Halitosis and Tooth and Gum Disease
Periodontal gum disease is a very serious condition that can affect your overall health, and can destroy the health of your teeth. Read on to find out how you can prevent tooth and gum disease for yourself and your family, and how you can notice its symptoms quickly.
Preventing Gum Infection
Gum disease can be contracted if your mouth is not cleaned properly, or if you don’t clean your mouth as frequently as you should. So, after each meal (or snack), you should be sure to brush your teeth or rinse your mouth with an antiseptic mouthwash, preferably both.
You should also make sure that you are flossing at least once or twice a day-although flossing too often could cause your gums to bleed. This could be an indication of gum infection, so if you are experiencing pain or discomfort after flossing, then merely brush gently and advise your dentist as soon as you can to get more advice on treatment.
Spotting a Gum Disease Symptom
Some other symptoms that you may observe include pain or considerable sensitivity in the teeth or gums (especially when you’re eating), and your teeth may not feel the same in your mouth when you’re chewing your food. You may also notice puss in and around your gums, which is a distinct indication of periodontal disease.
Swollen gums or toothache even when you’re not eating can also be a sign of periodontal disease, so if you are having any of these symptoms, you should make certain that you visit your dentist as soon as you can in order to look into the treatment options that will work best for you.
Gum Disease Treatment
There are several treatments that you can take advantage of in order to get rid of gum disease, and many of them do not require surgery. You can get your gums and teeth thoroughly cleaned at the dentist’s office if you are in the early stages of periodontal disease, and you may be given a regimen to follow that includes flossing or brushing with gentler utensils in order to heal your gums.

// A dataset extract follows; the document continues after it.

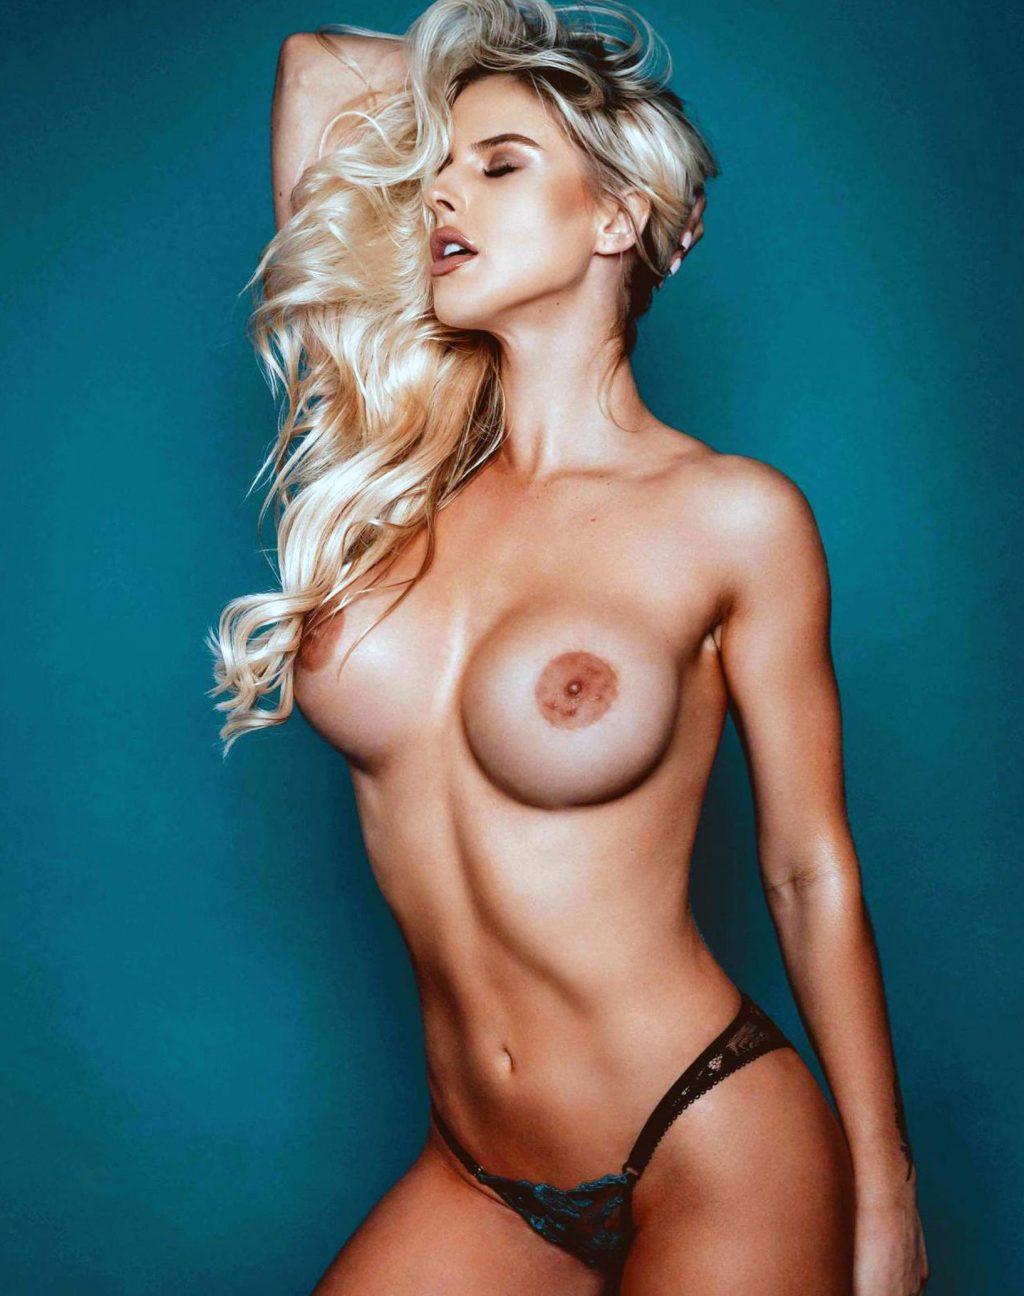 Brennah Black nipples

You can also talk to your dentist about soft tissue grafts, a procedure that uses soft tissue from other parts of the mouth to restore the parts of the gum that have been damaged by the condition. You can also undergo crown lengthening, which elongates the crown and makes the teeth look longer. Many times, people with short crowns experience periodontal disease because there is unusual gum space in the mouth, which makes it easier for bacteria to enter the mouth.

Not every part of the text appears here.